Stop the presses: A sequel to "Terror in the Skies, Again?" has now been posted on WomensWallStreet.com, in which Jacobsen reinfects the conversation with a fresh dose of mongering. "And I now have another important question," she writes. "Is there a link between my experience ... and the arrest of Ali Mohamed Almosaleh by Customs agents at the Minneapolis Airport on July 7?" Almosaleh, a Syrian, was allegedly carrying a suicide note and "anti-American material."

Jacobsen's hint at conspiracy, however, is based exclusively on the coincidence that Almosaleh and the musicians happen to all be Syrian citizens. I see. That a supposition this groundless and stupid can make it into print and entice the likes of major news networks should outrage any clear-thinking American. How about we seek out all Syrians and put their names on airline blacklists?

Jacobsen's sequel is peppered with incendiary quotes from industry sources. Says an airline pilot: "The terrorists are probing us all the time." Another confides a maddeningly baseless belief that Jacobsen had been "likely on a dry run," while another states, "The incident you wrote about, and incidents like it, occur more than you like to think. It is a 'dirty little secret' that all of us, as crew members, have known about for quite some time."

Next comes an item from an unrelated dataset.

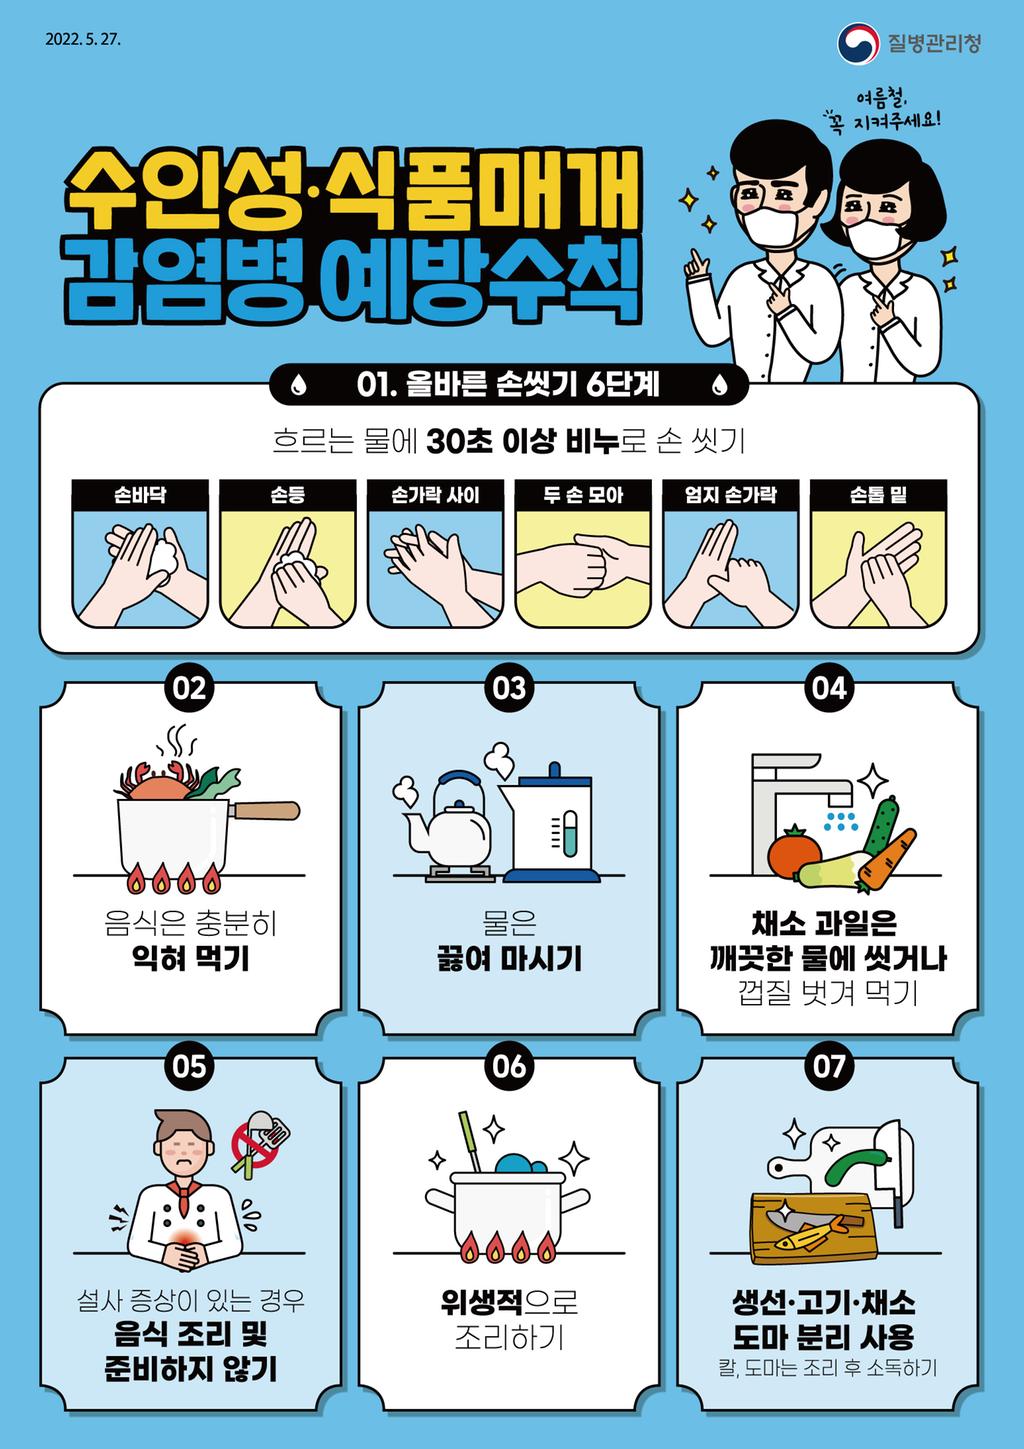 수인성 식품매개 감염병-예방수칙 포스터_JPG

Which dirty little secret, exactly, are we talking about? That foreigners ride on airplanes?

In a moment of truly ghastly philosophizing, Jacobsen includes a manipulative passage in which she is smitten with anguish as she recollects a photograph taken during the Sept. 11 attacks. She gives us this: "Political correctness has become a major road block for airline safety ... I think about the meaning of 'dry run.' And then I think about what it means to be politically correct. And I keep coming up blank."

So do I.

Aside from matters of politics and general opinion, is Jacobsen playing fast and loose with the facts? There appear to be embellishments in her original tale.

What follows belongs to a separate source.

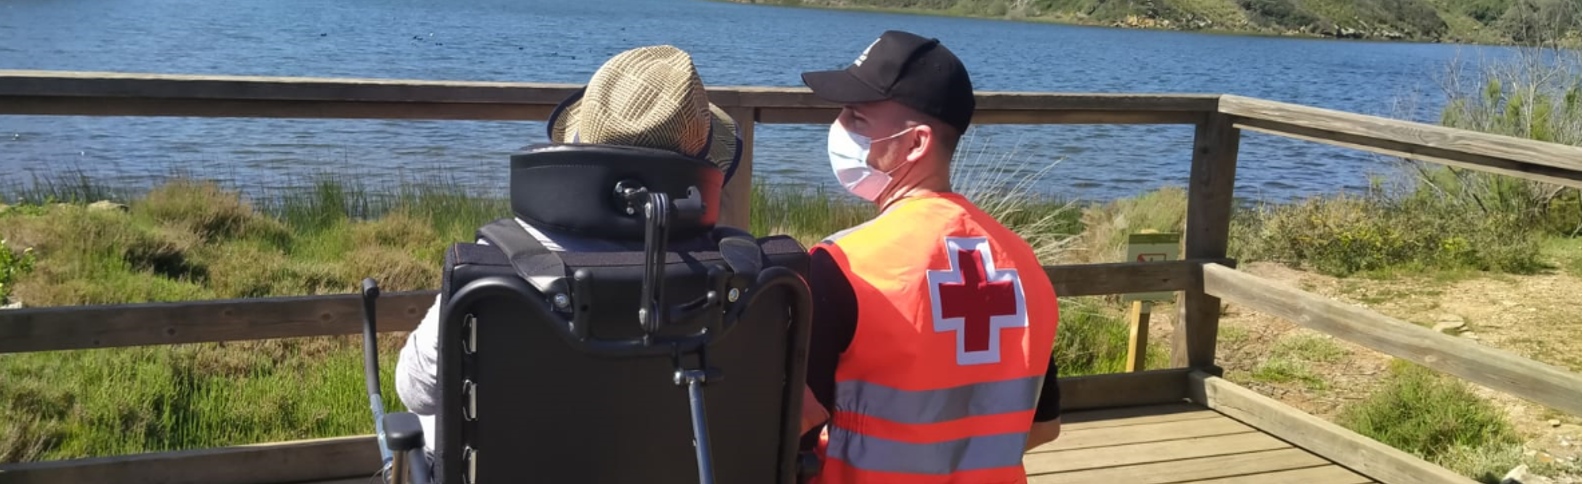 Llega a Cruz Roja en Menorca la primera silla Joëlette

Aboard flight 327, as she, her husband and several passengers and crew are having their nervous breakdowns, comes this instance of B-movie tension: "[The flight attendant] leaned over and quietly told my husband there were federal air marshals sitting all around us. She asked him not to tell anyone and explained that she could be in trouble for giving out that information. She then continued serving drinks."

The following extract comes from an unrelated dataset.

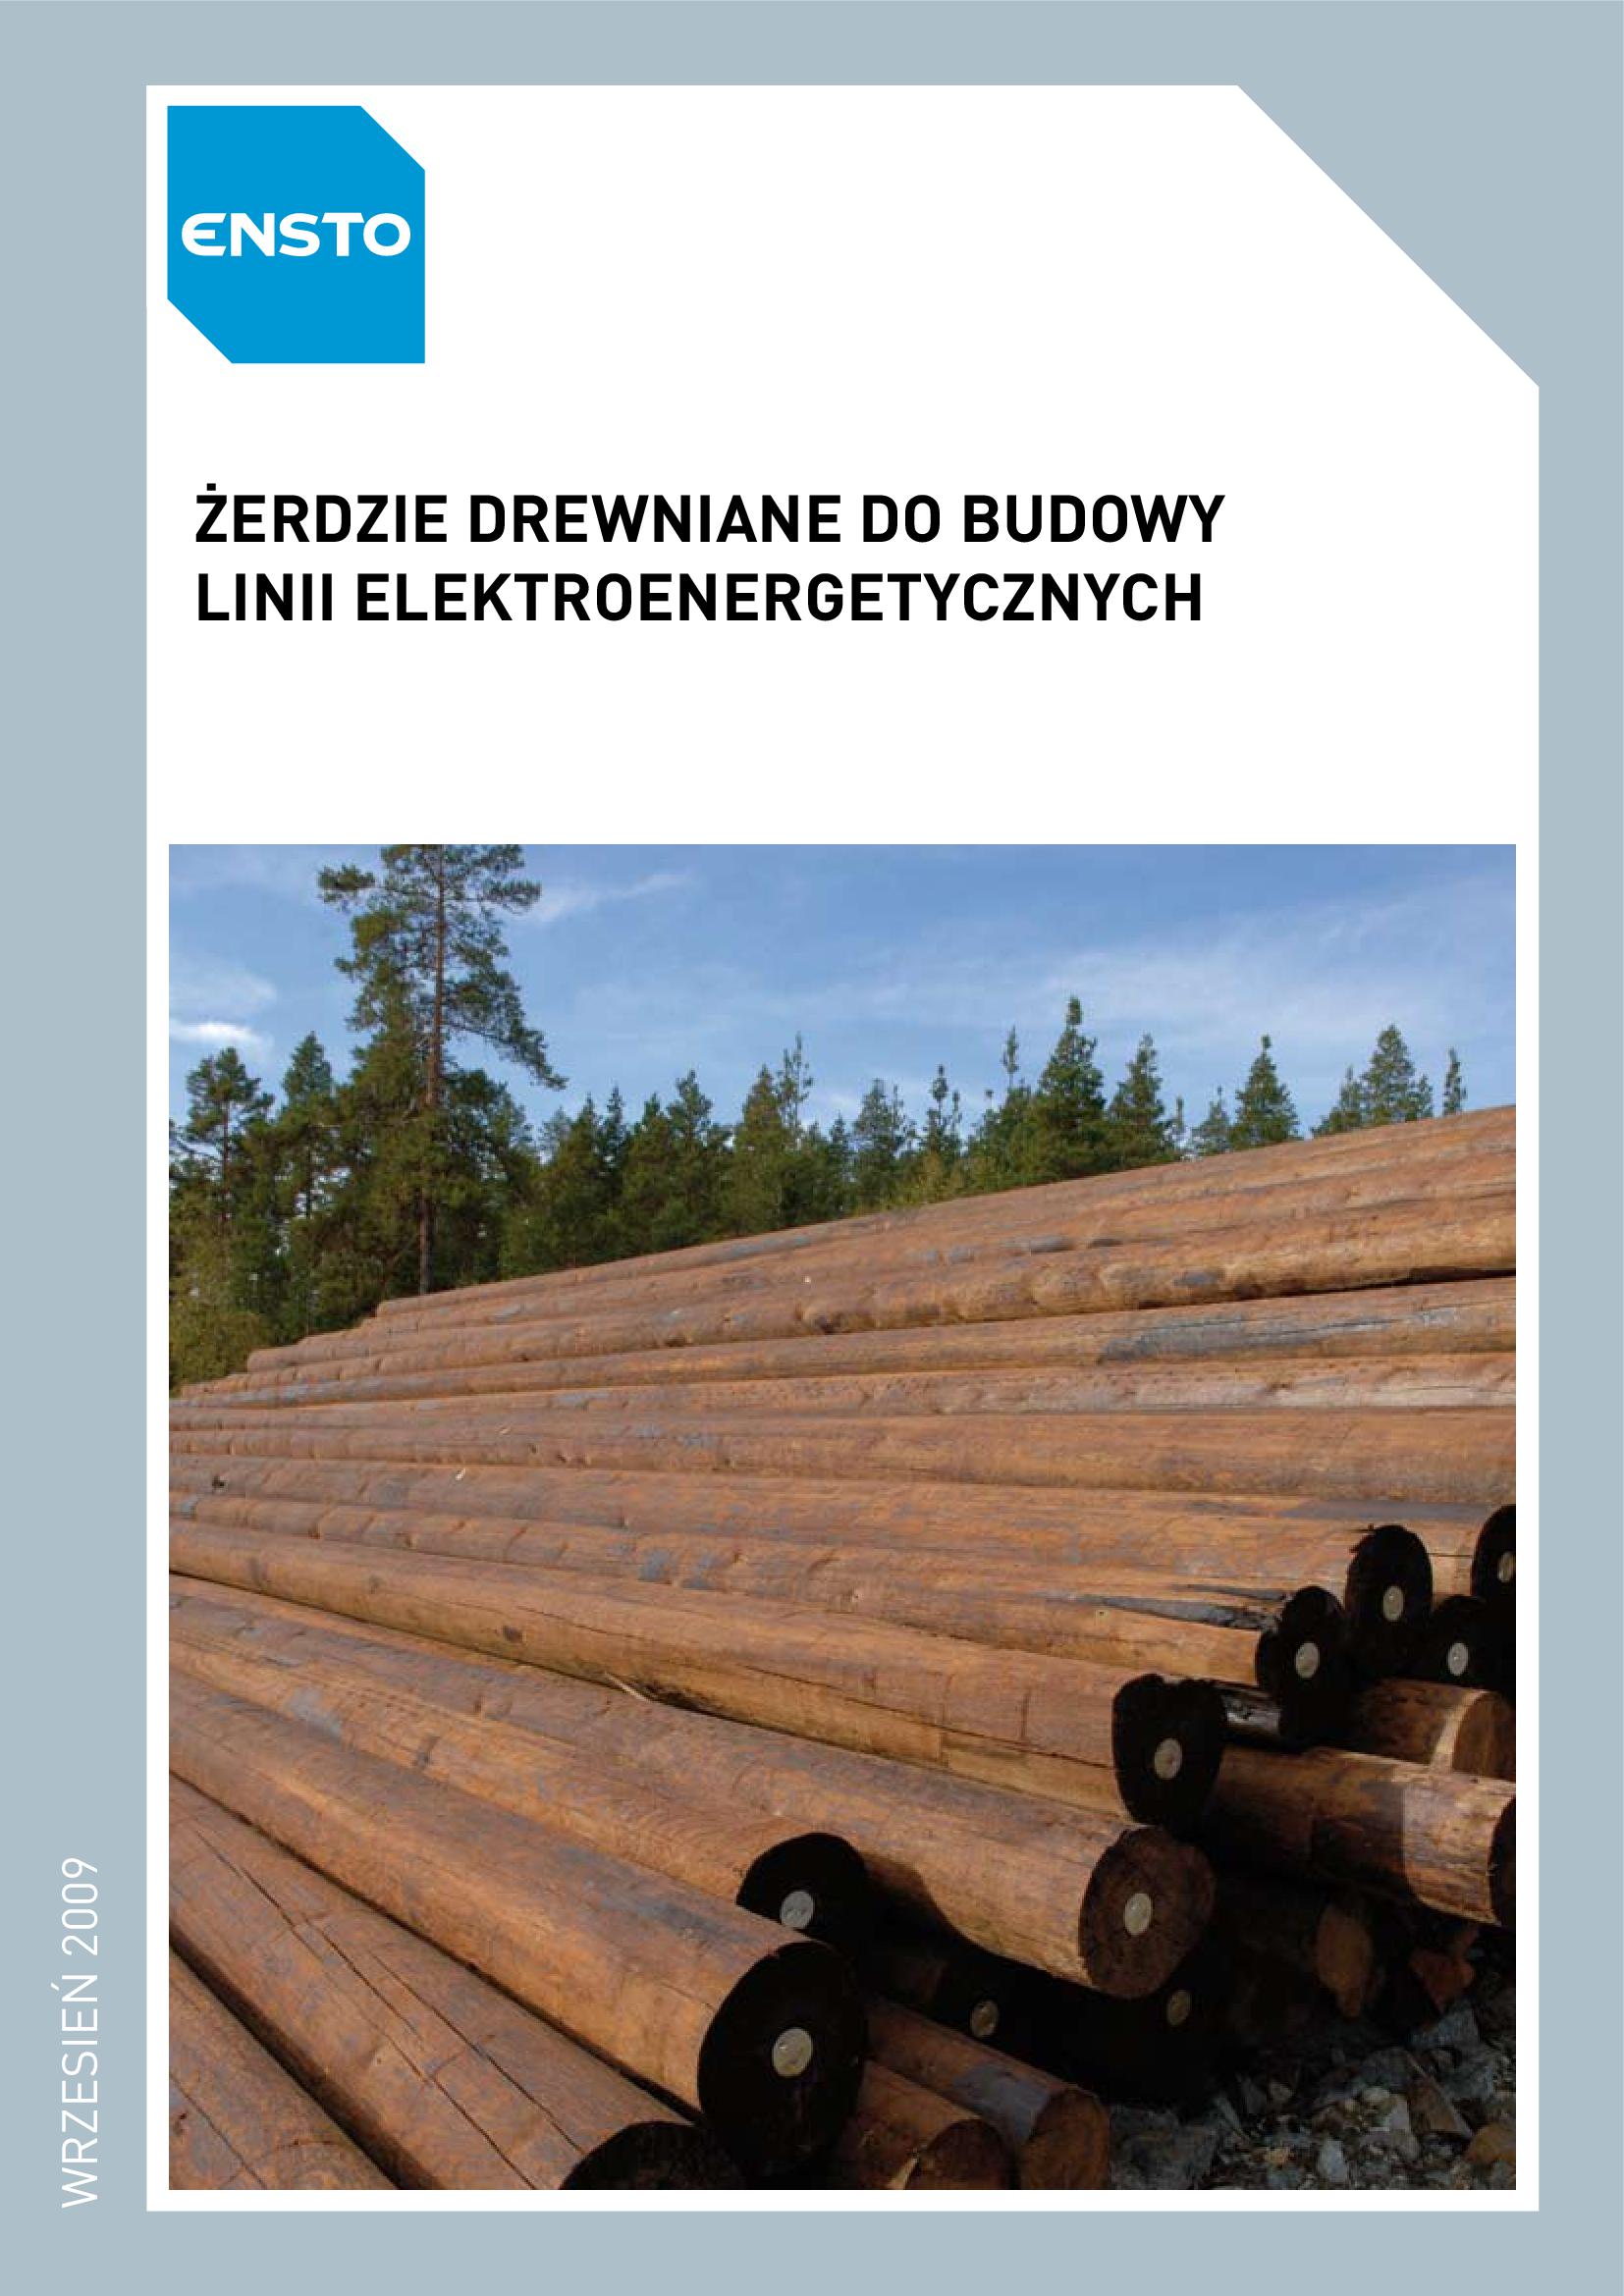 ENST_Catalog_Zerdzie drewniane

Are we to believe not only that an airline professional was unwise enough to reveal such a thing, but that a group of marshals -- not one, not two, but several -- having gotten word that a covey of Arabs were flying to LAX, were on hand to trail and observe them? That's some tight logistical planning. Are we following Middle Easterners through airports now? If so, how does that work at Kennedy International, I wonder, where foreign airliners carrying thousands of passengers arrive daily from Pakistan, Saudi Arabia, Jordan, Egypt, Morocco, the UAE and elsewhere? That's a lot of dry runs, and there's no love lost, after all, between Muslim radicals and the governments who own and operate these airlines -- Pakistan International, Saudi Arabian, EgyptAir, Royal Jordanian, etc. Such subtleties are lost on that segment of the public who'd prefer a more digestible cock-and-bull yarn from high above the American heartland. As for those wacky airlines from abroad, why not simply ban them from American airspace?

Clearly I'm in a fit of envy over Jacobsen's cheap grab at notoriety. I've got a book out and could use some publicity. Here, let me give it a try.

Late last summer I boarded a nonstop flight from Dubai, United Arab Emirates, to Newark, N.J. After taking my seat, I noticed that well over a hundred of my fellow passengers looked to be Muslims! Yes, that's the same faith adhered to by those dastardly perpetrators who knocked down our Trade Center and demolished part of the Pentagon. Not only that, but our aircraft, a Malaysia Airlines Boeing 777, was registered and maintained by a company headquartered in a predominantly Muslim nation! What if the cargo holds had been stuffed full of anthrax or TNT by unscrupulous terrorists back in Kuala Lumpur!

Several passengers wore conservative Islamic dress -- men in white dishdashas; women concealed in full black burqa. Our plane contained a Muslim prayer enclave (for possible use by terrorists preparing for the throes of martydrom), and the seatback video displayed a graphic of the qibla, showing real-time distance and heading to Mecca. En route toward New York, dozens of Muslim passengers were seen socializing and using the lavatories, in some cases blatantly ignoring the illuminated seat-belt sign!

To my relief and utter astonishment, we landed safely (and on time).

Jacobsen simmers her own account in gratuitous detail and melodrama. It plays like a Hollywood disaster film -- the young child, the would-be villain who smiles innocently in a moment of spooky foreshadowing. We're waiting for the gunshots, the fireball from the lavatory, the marshals jumping up to yell, "Hit the floor!"

That her story concludes in such a painfully boring anticlimax ought to be the very point, and in the final few pages she still has time for a constructive moral, the clear lesson being not the potentials of global terror, but the dangers of our own preconceptions and imagination. Instead, she pulls a vile U-turn and chooses to bait us with racist innuendo and fearmongering. Nothing happened, but something might have happened, and so it serves us to remain frightened and draconian at all costs, furthering our nation's pathetic embrace of maximum paranoia.

Jacobsen's kicker: "So the question is ... Do I think these men were musicians? I'll let you decide. But I wonder, if 19 terrorists can learn to fly airplanes into buildings, couldn't 14 terrorists learn to play instruments?"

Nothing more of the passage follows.